WHAT TO DO =>
Leaving out every picture, copy the lines of the material below exactly, from the line containing "Олимпийские кольца в" through the line containing "KARBID: The Book".

SUPPLIED MATERIAL =>
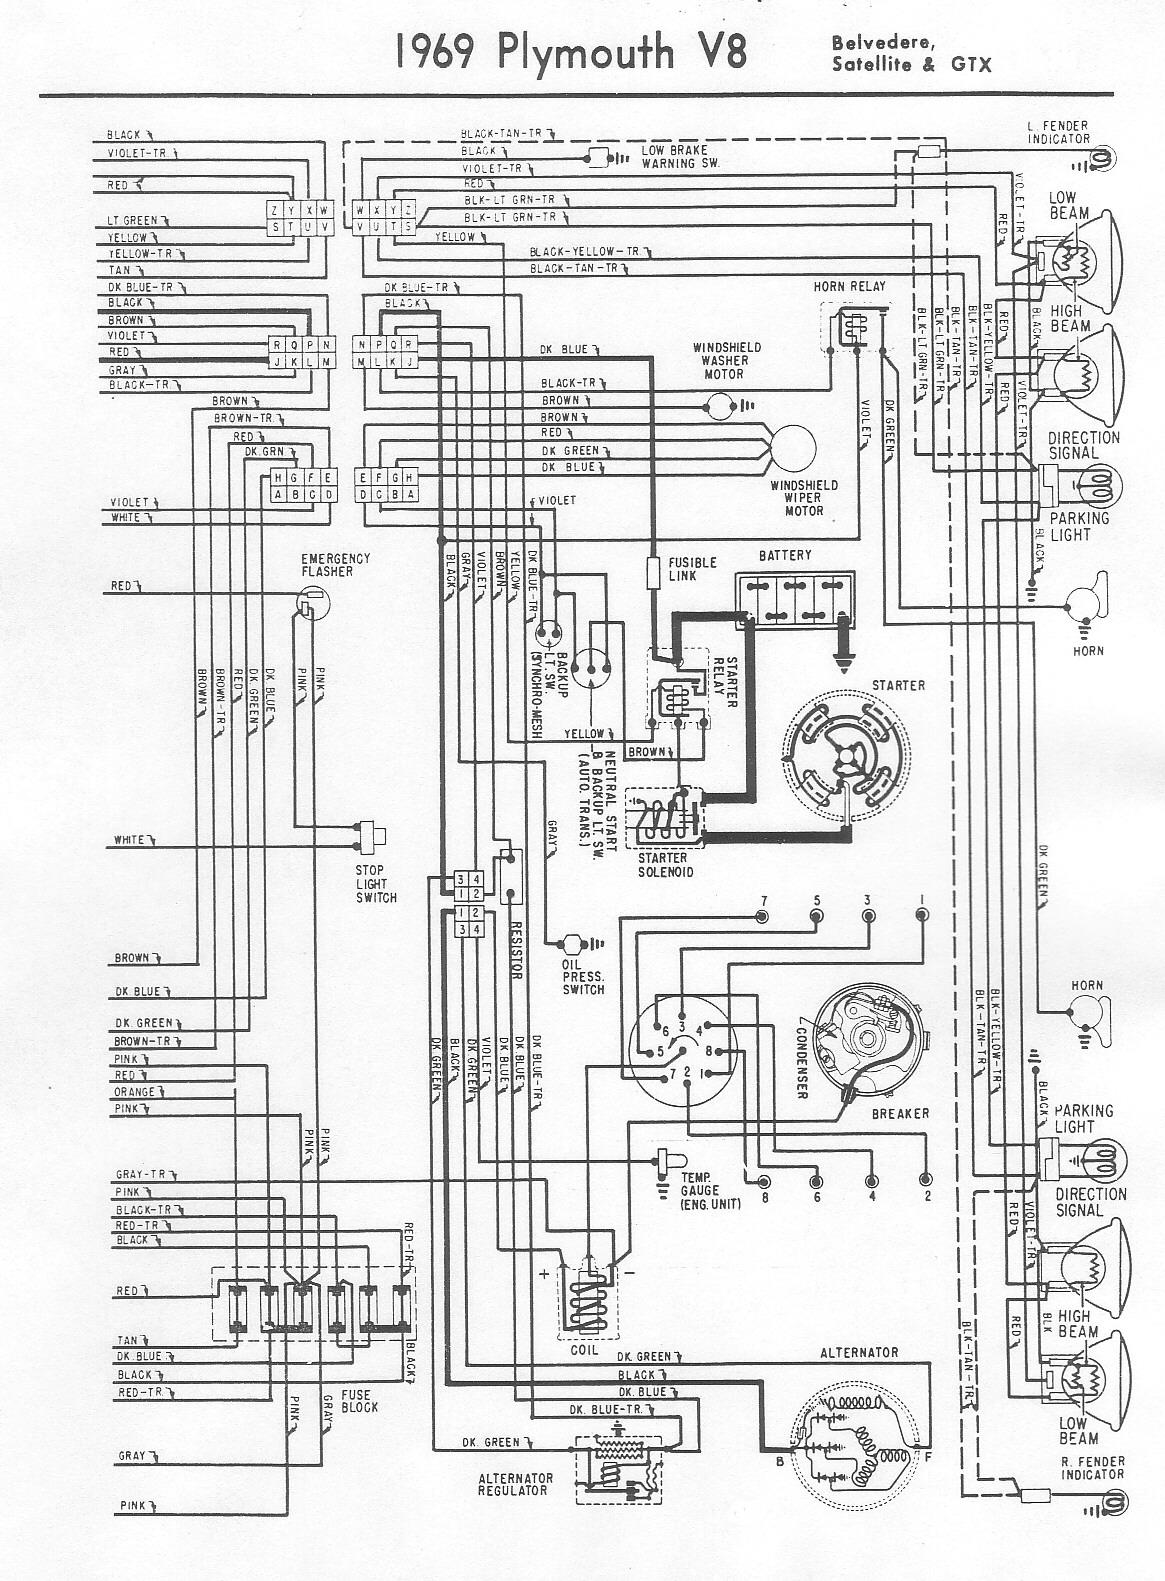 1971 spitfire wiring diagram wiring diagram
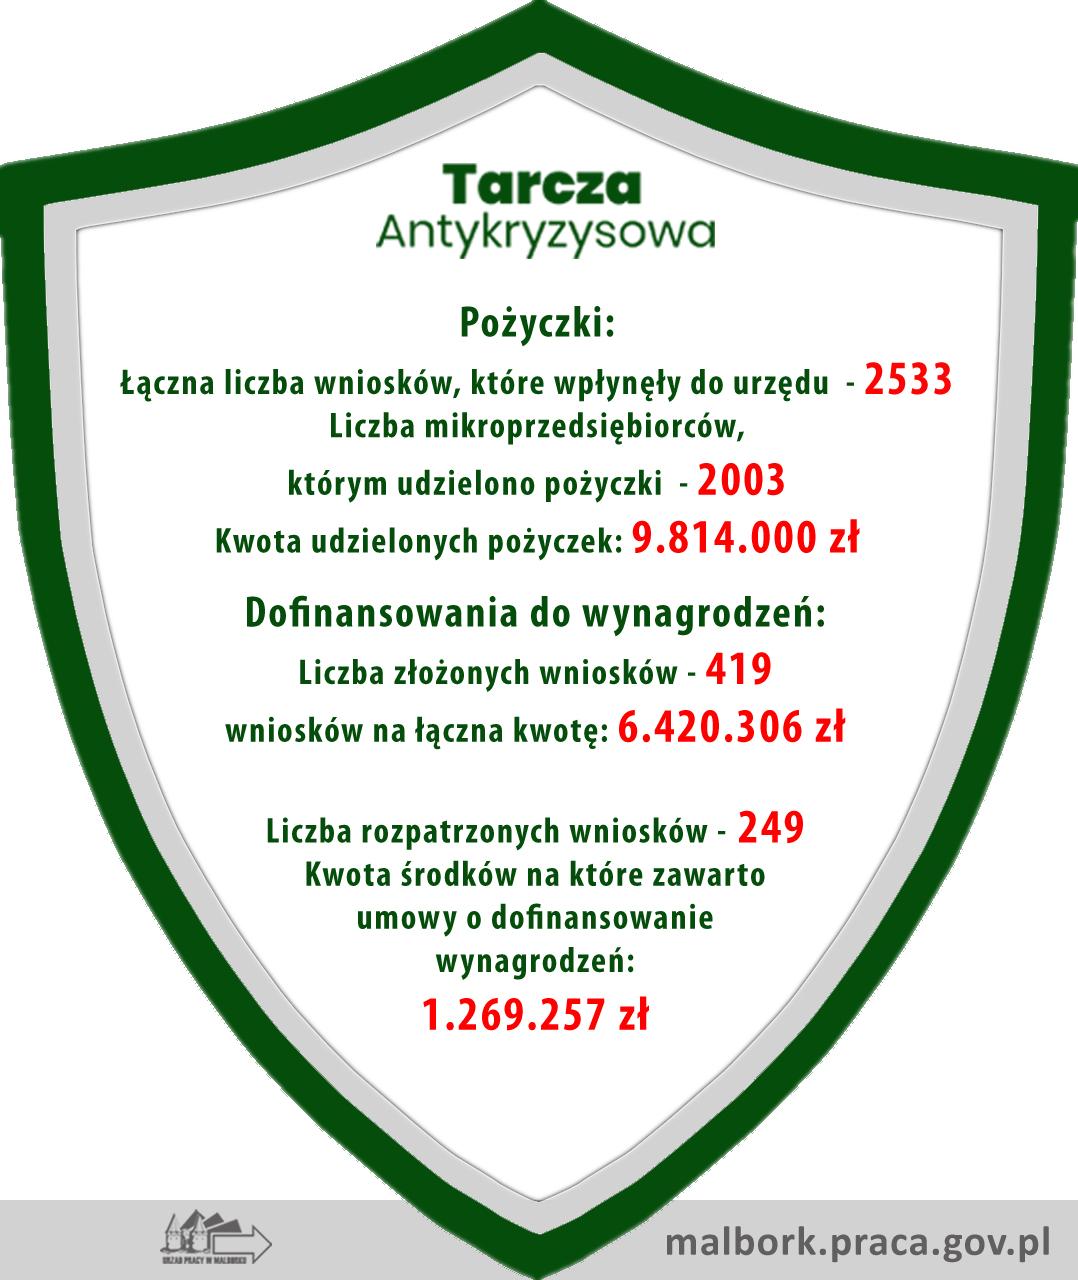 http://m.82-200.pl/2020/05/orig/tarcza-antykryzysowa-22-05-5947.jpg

* * *

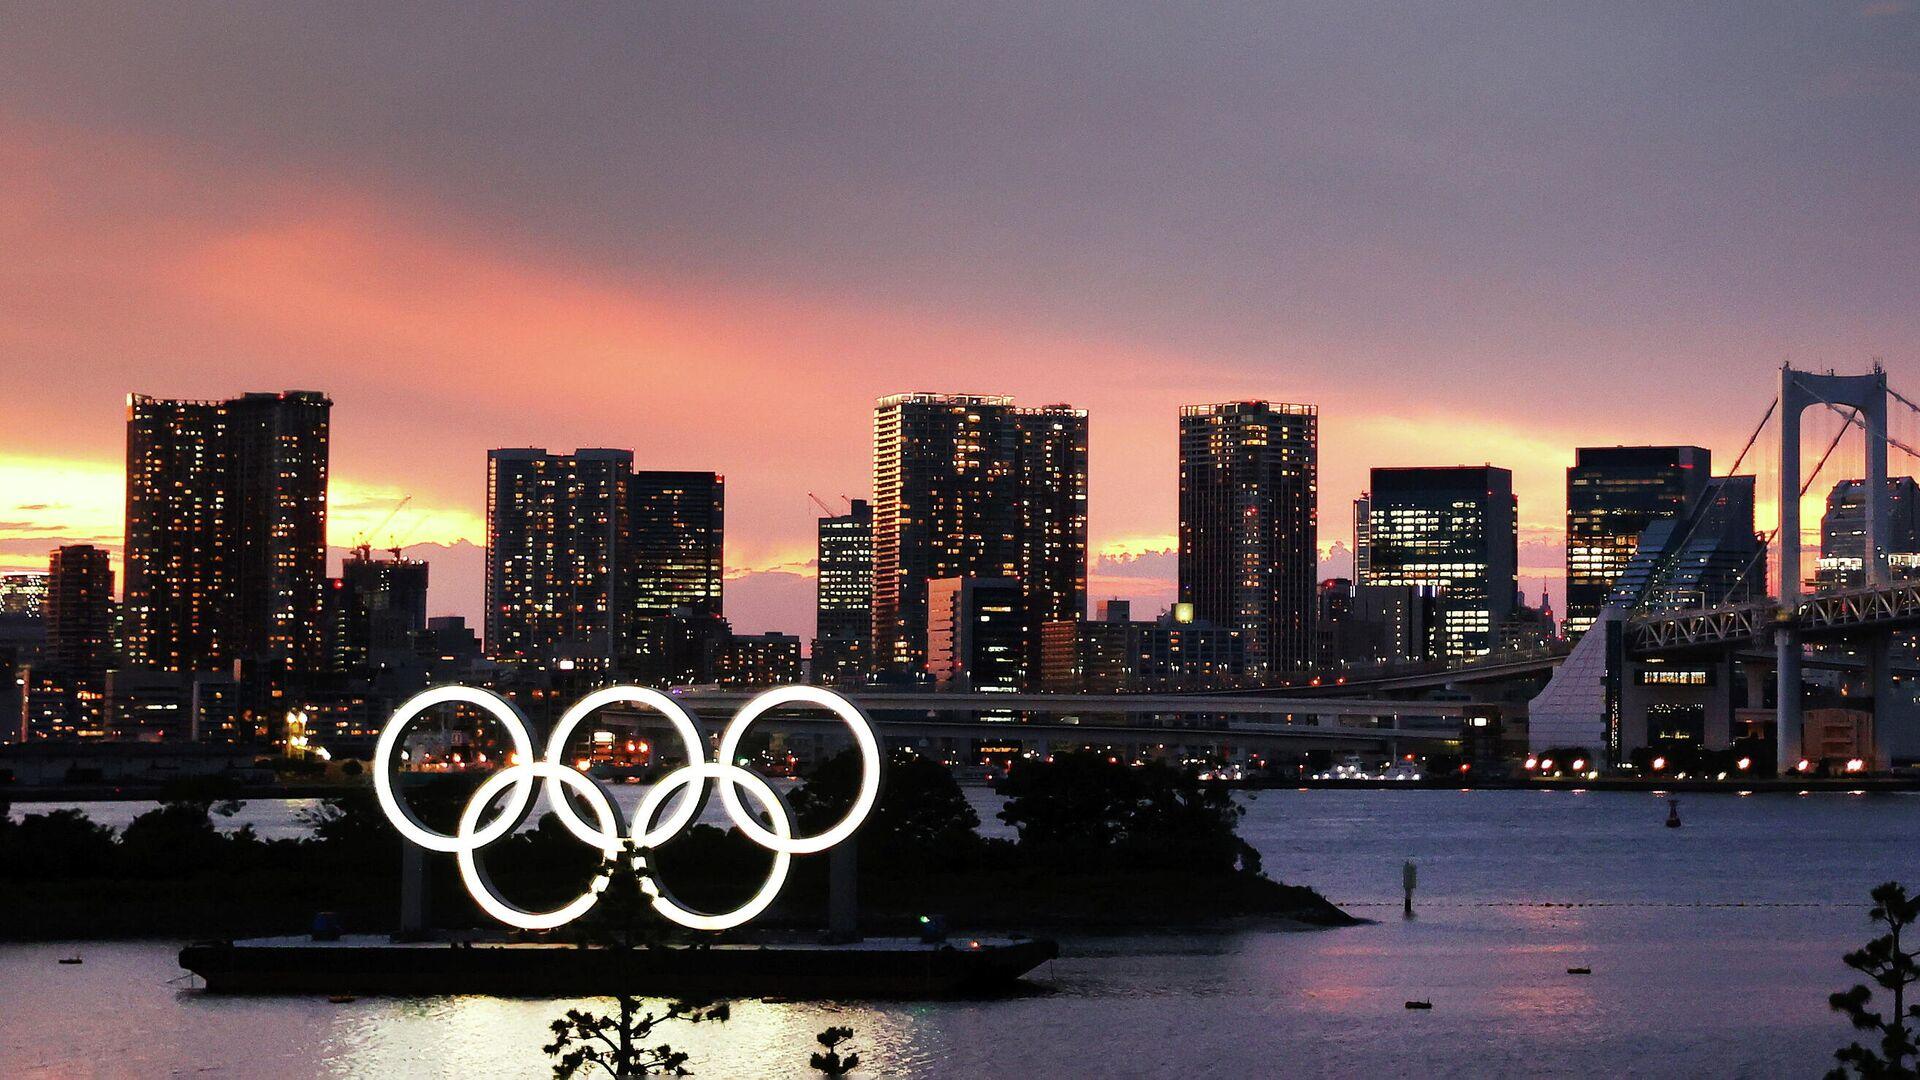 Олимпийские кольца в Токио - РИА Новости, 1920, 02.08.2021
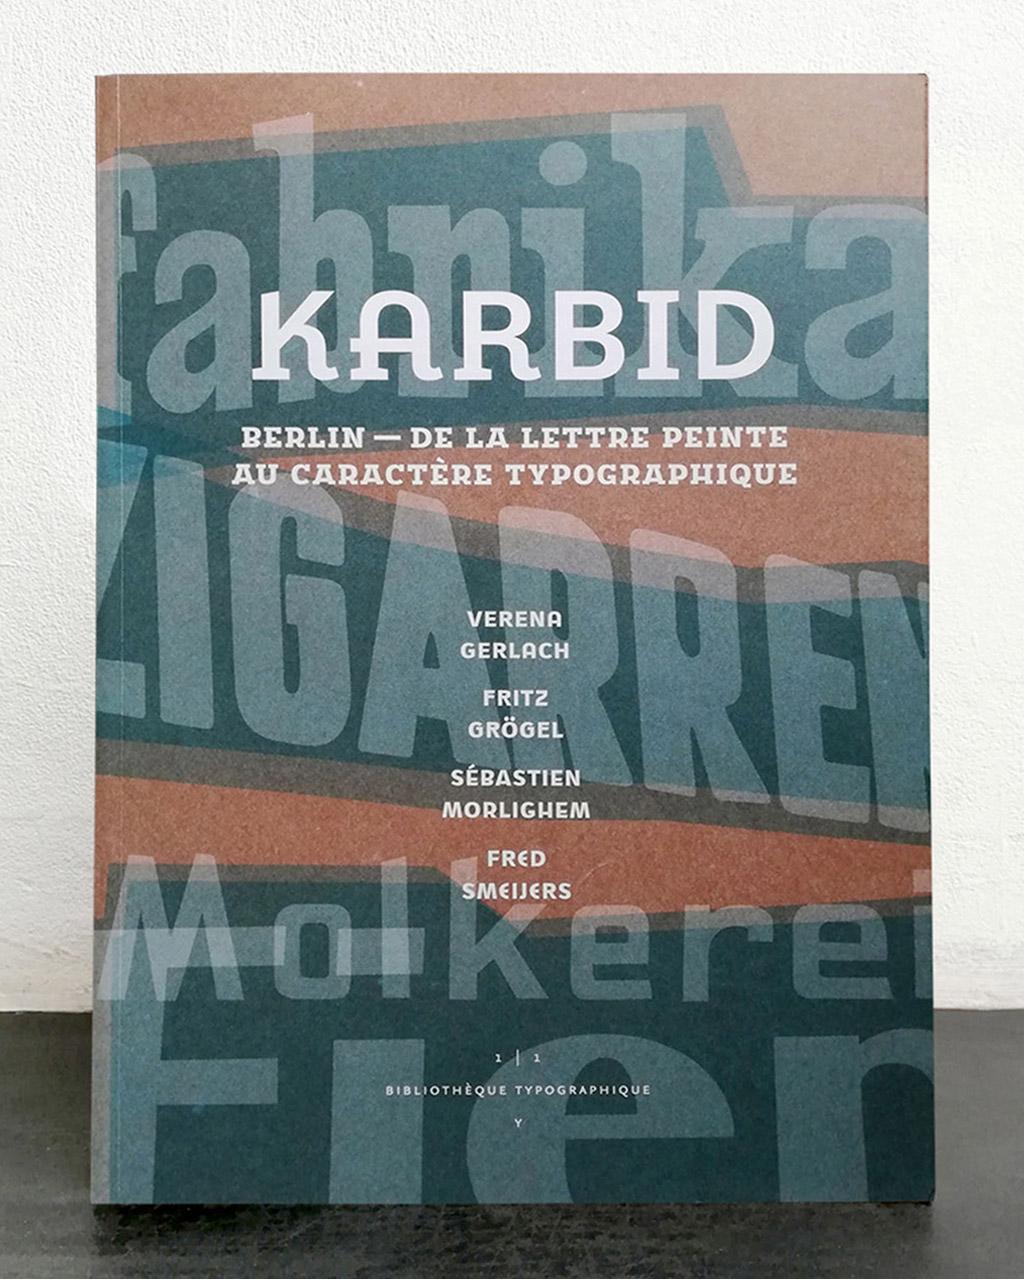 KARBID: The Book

ANSWER TO THIS EXERCISE =>
 Олимпийские кольца в Токио - РИА Новости, 1920, 02.08.2021
 KARBID: The Book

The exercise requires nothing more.